ASCE 7-22 Chapter 13: Seismic Anchorage & Anchor Bolt Design Guide

How the new Fp equation, Hf, Rμ, CAR, and Rpo factors change seismic anchorage, equipment anchorage, and anchor bolt design forces for mechanical, electrical, and architectural components — with worked anchor bolt calculation examples and the tables you'll actually use on a submittal.

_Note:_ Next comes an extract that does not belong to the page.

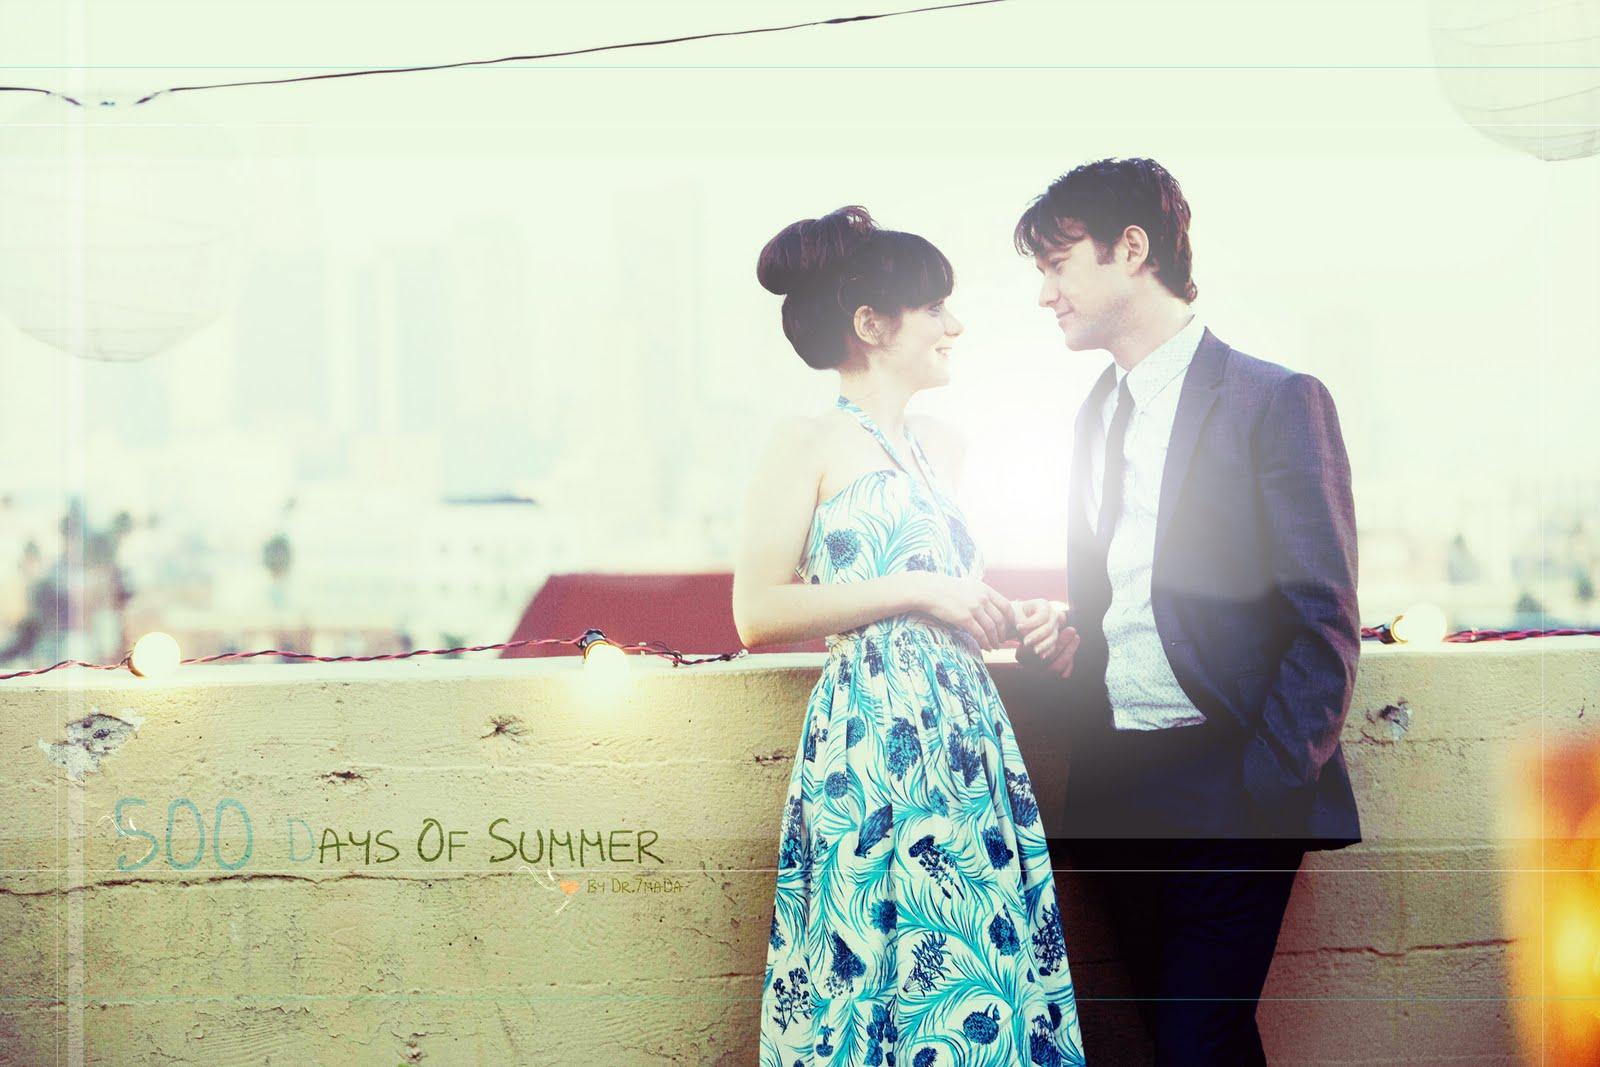 http://4.bp.blogspot.com/_N4oNepJc2MM/TEB8pZaMJoI/AAAAAAAAA9A/Fd_llmY9Ha8/s1600/500_Days_Of_Summer_wallpaper_by_Dr_7maDa.jpg
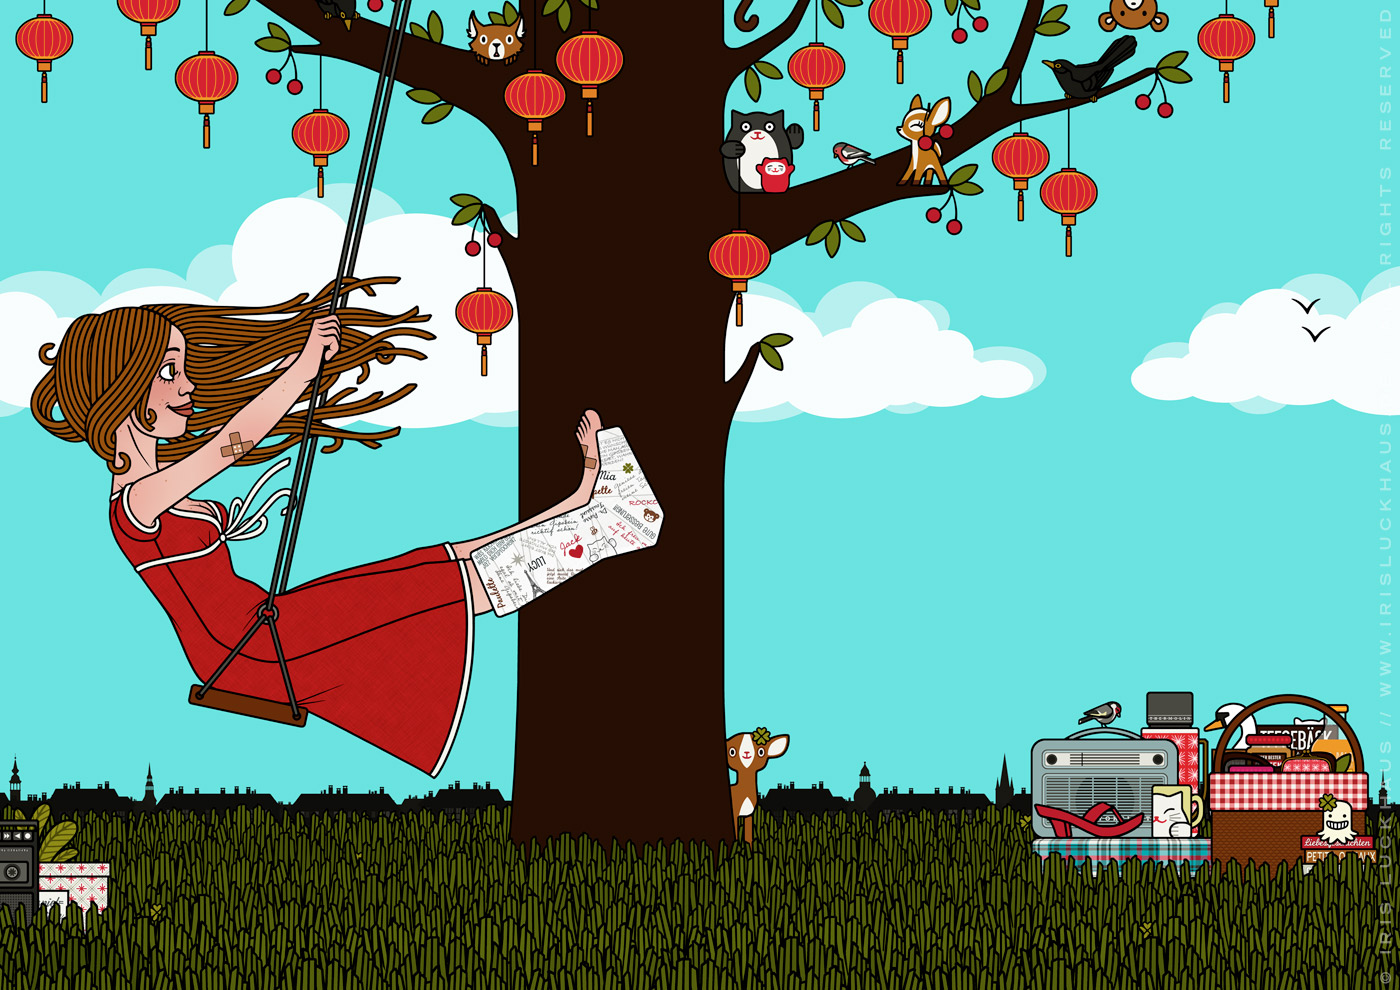 Zeichnung von Mädchen mit Gipsbein auf einer Schaukel am Kirschbaum mit Lampions im Glück im Unglück für Lily Lux von Iris Luckhaus

ASCE/SEI 7-22 Chapter 13 is the controlling code provision for the seismic design of nonstructural components in the United States. Adopted by the 2024 IBC and the 2025 California Building Code (CBC), Chapter 13 governs every piece of architectural, mechanical, electrical, and plumbing (MEP) equipment that must be anchored, braced, or restrained against earthquake forces. Whether you are sizing post-installed anchors for a 5,000 lb chiller, designing seismic bracing for a hospital fire-water main, or preparing an HCAI/OSHPD seismic anchor calculation package, every number on your submittal traces back to Chapter 13.

1. Scope: what Chapter 13 covers

Chapter 13 applies to permanently attached nonstructural components, their supports, and their attachments to the structure. The scope explicitly includes:

  • Architectural components — partitions, ceilings, cladding, glass, parapets, signs.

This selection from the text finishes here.